The U.S. needs a coherent, unified energy policy with respect to vehicle electrification and automation if it wants to keep up with China, write Leonard Hyman and William Tilles. U.S. and European auto manufacturers have equal or greater resources than their Chinese counterparts. But they don’t have the same level of government support – and therefore cannot rely on their domestic markets. Courtesy Oilprice.com.
Recently, William Clay “Bill” Ford Jr., executive chairman of Ford Motor Co., said China was “at the heart” of the electric vehicle and the “mobility” movements. It was an interesting statement from the head of a company once identified as the heart and soul of the U.S.’s industrial Midwest.

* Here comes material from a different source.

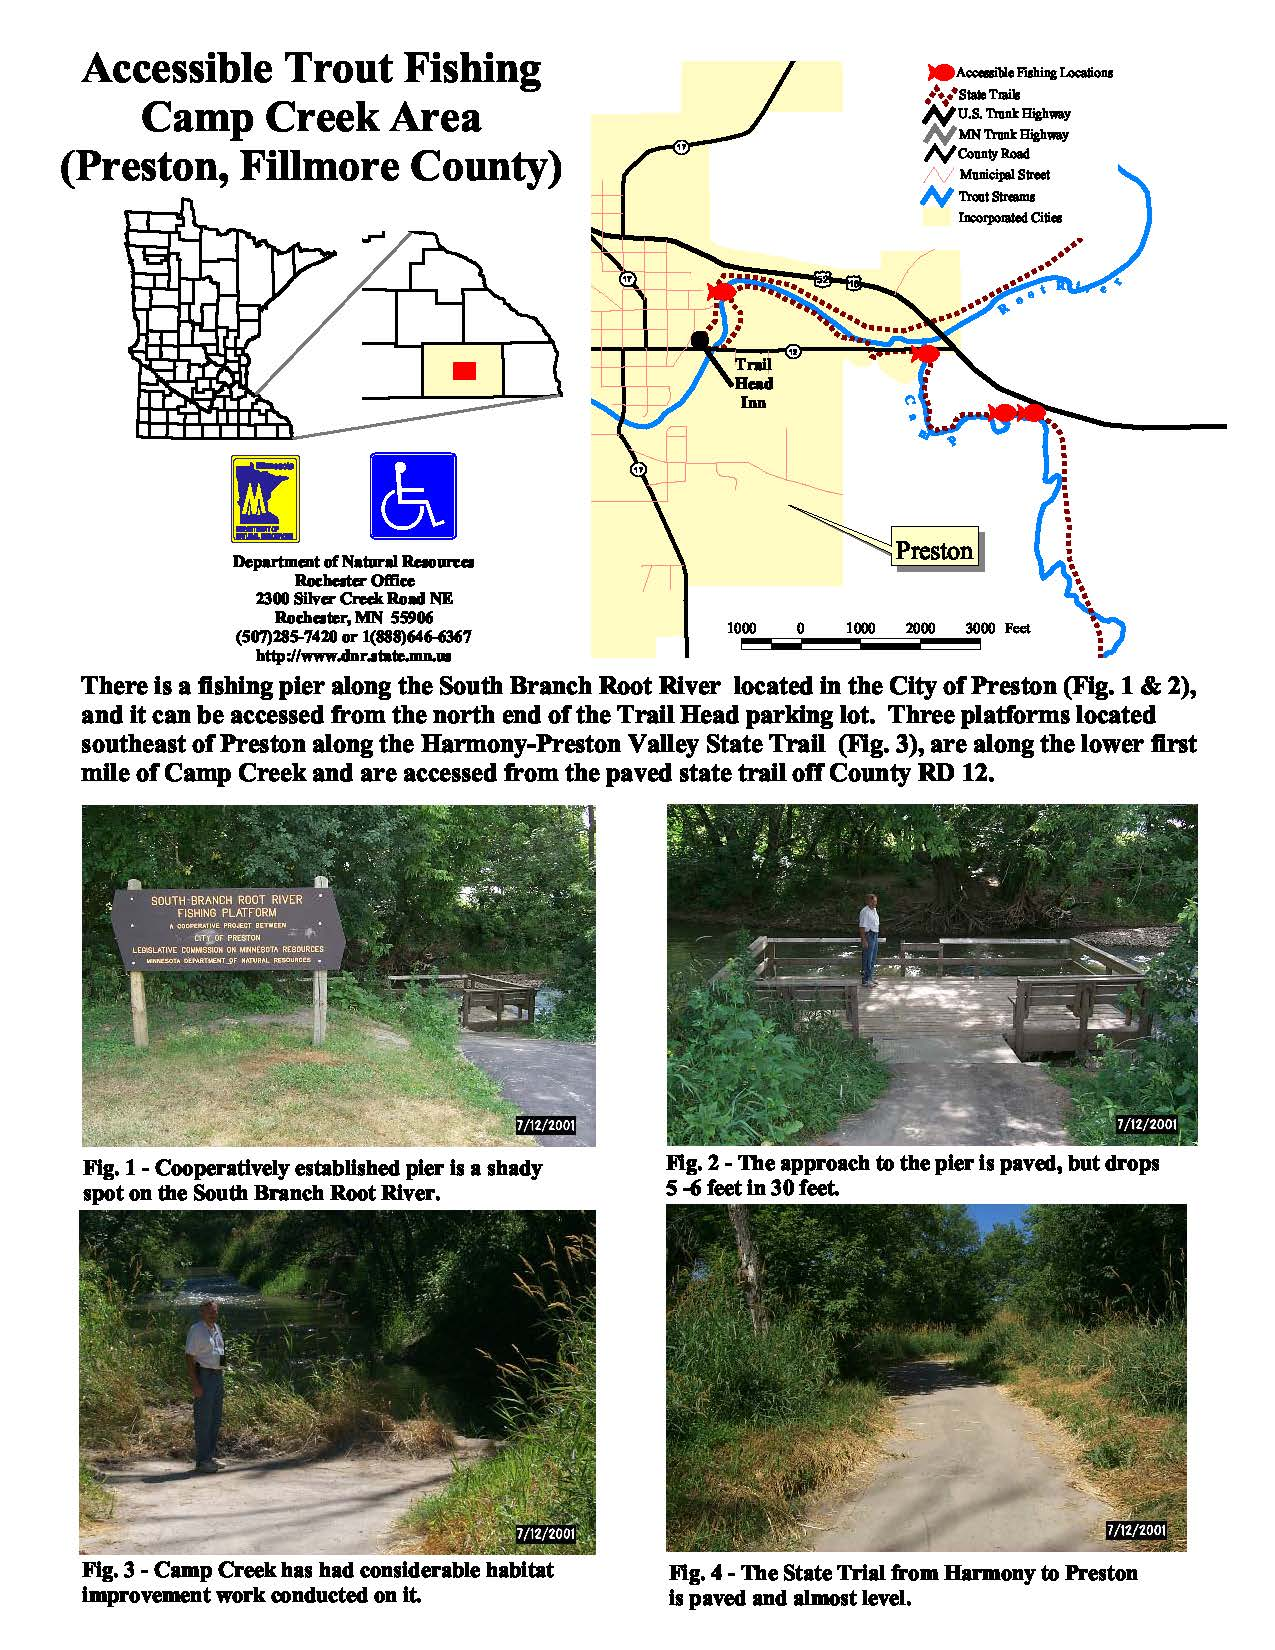 accessibletroutfishingmap_campcreek

Ford is now developing a self driving car with a Chinese partner. And General Motors plans to sell only electric vehicles in China by 2025. China’s SAIC Motor Corporation, with sales of 6.9 million cars and net income of $5 billion, boasts that it “strives to grasp the trend of industrial development and speed up the innovation driven industrial transformation…” Sounds like a plan, a five year plan perhaps, but at least a plan nevertheless.
But if there is any doubt of direction, take a look at Tongji University’s special supplement in Science, one of the world’s most prestigious scientific journals. Tongji, a prestigious government sponsored institution in Shanghai explained its vision for the “new energy vehicle” (NEV). Given what the Tongji authors assume to be “strong support from the Chinese government and large market demand in China”, they estimate five million NEVs cruising China’s roads by 2020.

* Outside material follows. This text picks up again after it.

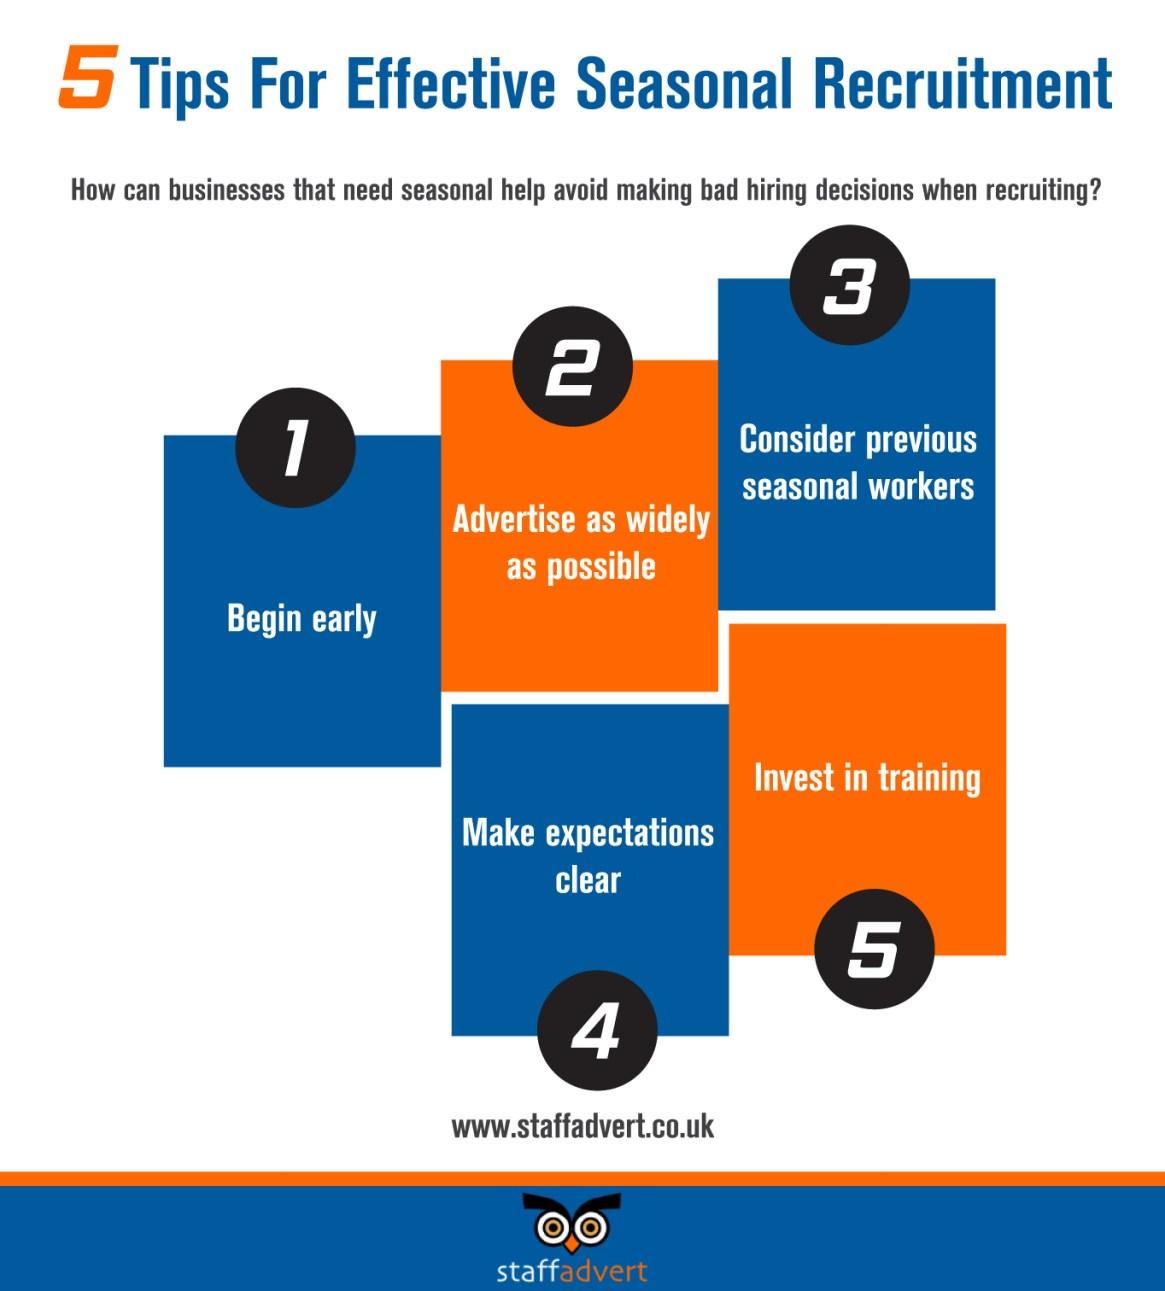 5 Tips For Effective Seasonal Recruitment

Tongji’s various departments are engaged in propulsion related research involving: fuel cells, hydrogen energy, batteries, motor systems, lightweight materials, hybrids, intelligent vehicles, automated and connected vehicles and car sharing. The Tongji article gave little attention to the electricity grid. All that electricity for this new industry has to be produced somewhere.
Power grid
In China, the state controls the power grid. This means that major plant investment, for better or worse, is made with little or no regard for profitability. And the government’s clear intent is for China to be a world leader in electric vehicles. China’s giant internet firms, which depend on government tolerance to stay in business, have already invested in ride sharing and vehicle automation technologies.
U.S. and European auto manufacturers and internet giants probably have equal or greater resources than their Chinese counterparts. But we cannot assume they have the same level of government support which provides at a minimum a domestic market. Furthermore, the electricity industry in the U.S. for example consists of a multitude of public and privately-owned utilities often regulated differently from state to state and operating within three huge, transmission-interconnected areas.
The likelihood that an industry as structurally fragmented as ours can agree on uniform nationwide strategies to enable electric vehicles without government prodding or coercion is slim. Some say that we don’t need a strategy.
More ambitiously, others have even argued for the coming irrelevance of the electric utility industry. In this view of the future, owners of electric vehicles will no longer require a grid connection. Their electricity will be provided by a combination of solar panels, windmills and batteries. While certainly possible, this still seems a bit farfetched. The USA and China have substantial electric generating capacity and the transmis-sion system already in place to bring economic renewable energy produced on a large scale to the consumer. The grid is already there. Will they just ignore it?
Industrial policy
This brings us to the matter of industrial policy. China’s industrial policy is clearly dedicated to developing a robust domestic market for electric vehicles. If the government insists on construction of the infrastructure, Chinese NEV manufacturers will flourish in their home market. They have the opportunity to develop the scale and to be a dominant player in the worldwide electric vehicle market.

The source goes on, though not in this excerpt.